Allari is a 2002 Indian Telugu-language romantic comedy film produced and directed by Ravi Babu under the Flying Frogs banner, the film stars Naresh, Shweta Agarwal and Nilambari in their debuts.

Allari was released on 10 May 2002 and was a box office success. Naresh who became popular with this film, eventually prefixed the title Allari to his name. The film was remade in Tamil as Kurumbu. The film is loosely based on the 1987 American teen romantic drama film Some Kind of Wonderful.

== Plot ==

This is a story about a young man Ravi (Naresh) who belongs to a middle-class family. His father (Kota Srinivasa Rao) runs a small business and is quite tight fisted when it comes to money. Ravi's best friend Aparna "Apu" (Shweta Agarwal), lives in the same building as Ravi. Apu and Ravi have grown up together and share a very special friendship and Apu has always been there for Ravi whenever he needed anything (especially "money"). Both Ravi and Apu take each other for granted and are unaware of their feelings for each other.
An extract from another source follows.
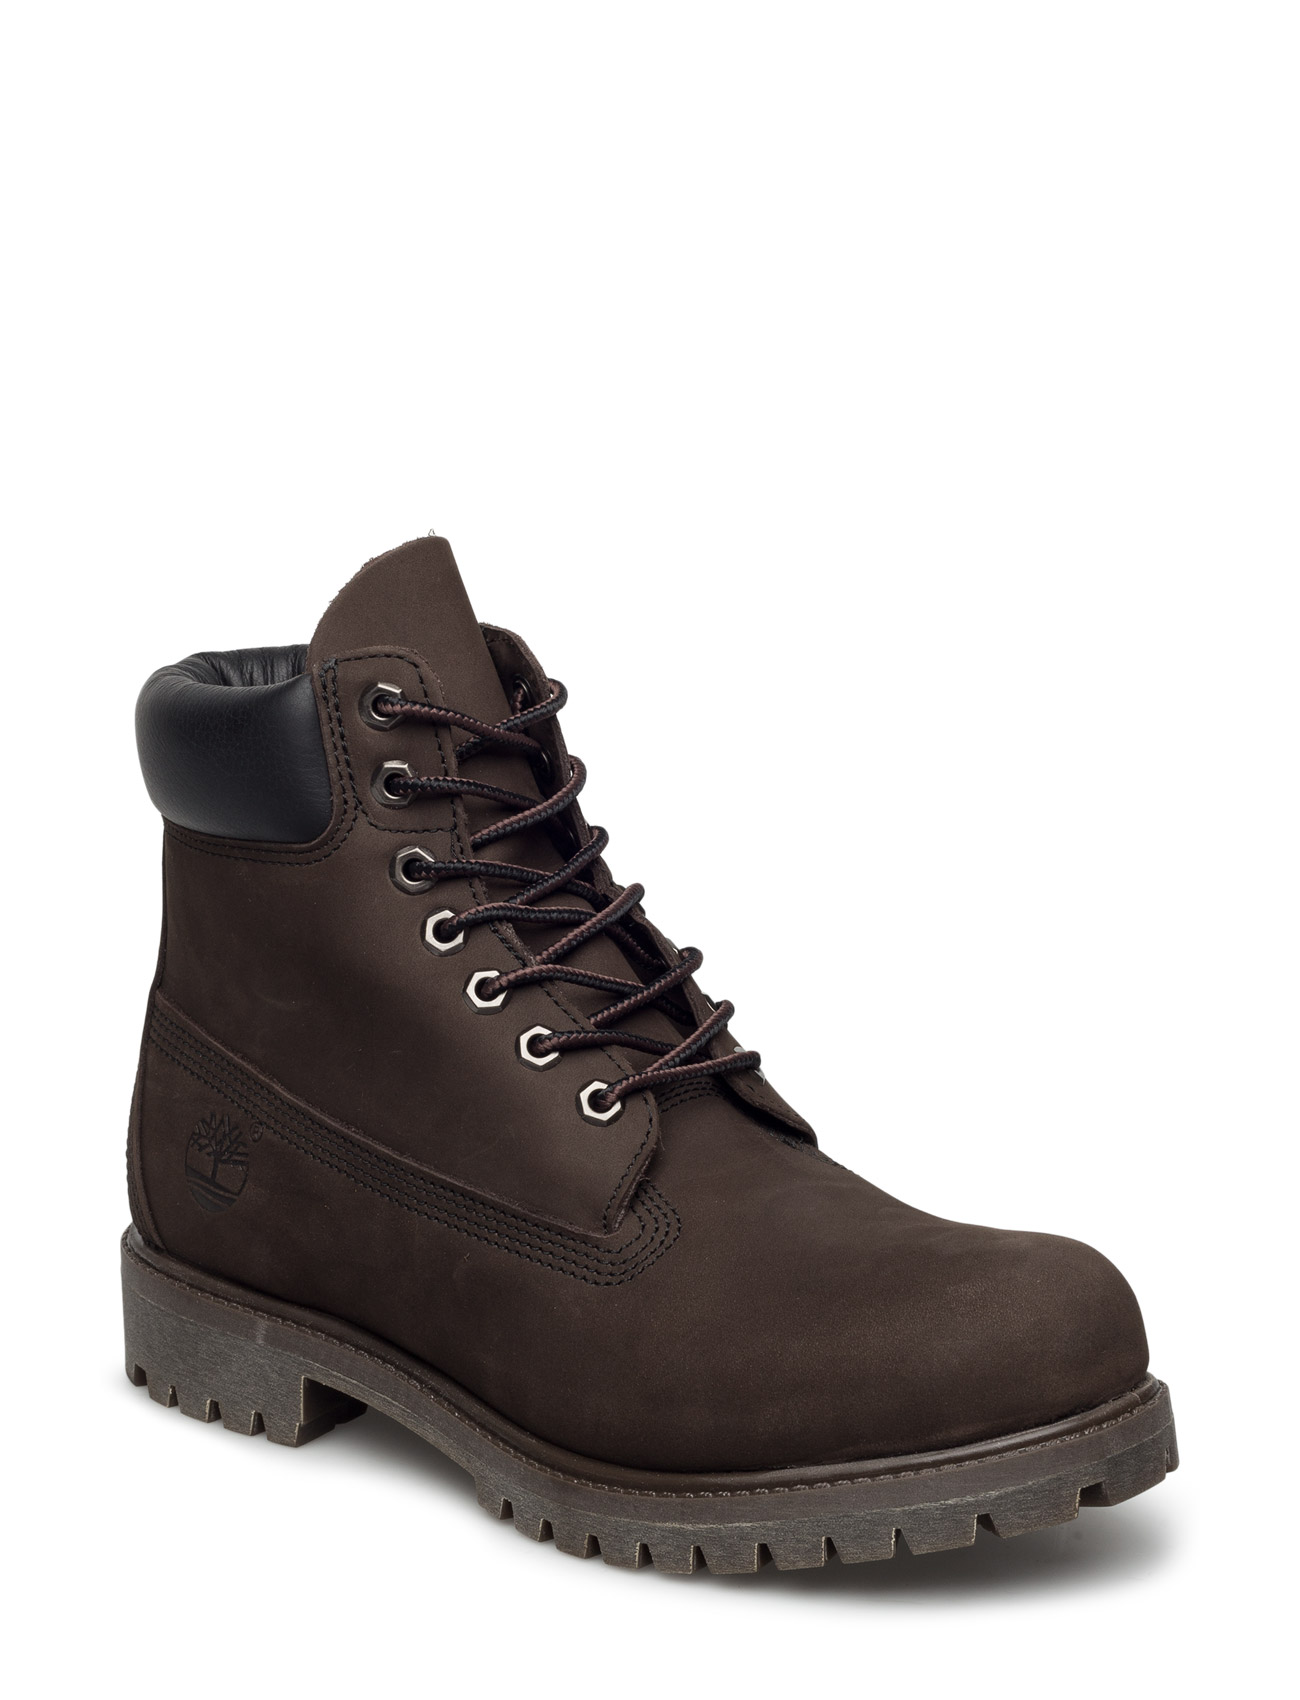 6 Inch Premium Boot Timberland Sko til Mænd i Brun

Ravi has a crush on a new neighbour, Ruchi (Nilambari) who has recently moved into the flat opposite his flat. Ruchi enjoys all the attention and gifts she receives from the opposite sex and is quite a flirt. Ravi who believes he is deeply in love with Ruchi, writes a love letter to her and requests Apu to pass it on to Ruchi without revealing the source. Apu reads the letter and finds the content of the letter very childish. She re-writes the love letter making it more expressive and passes it on to Ruchi. The letter has the desired effect on Ruchi and she loves the idea of having a secret admirer.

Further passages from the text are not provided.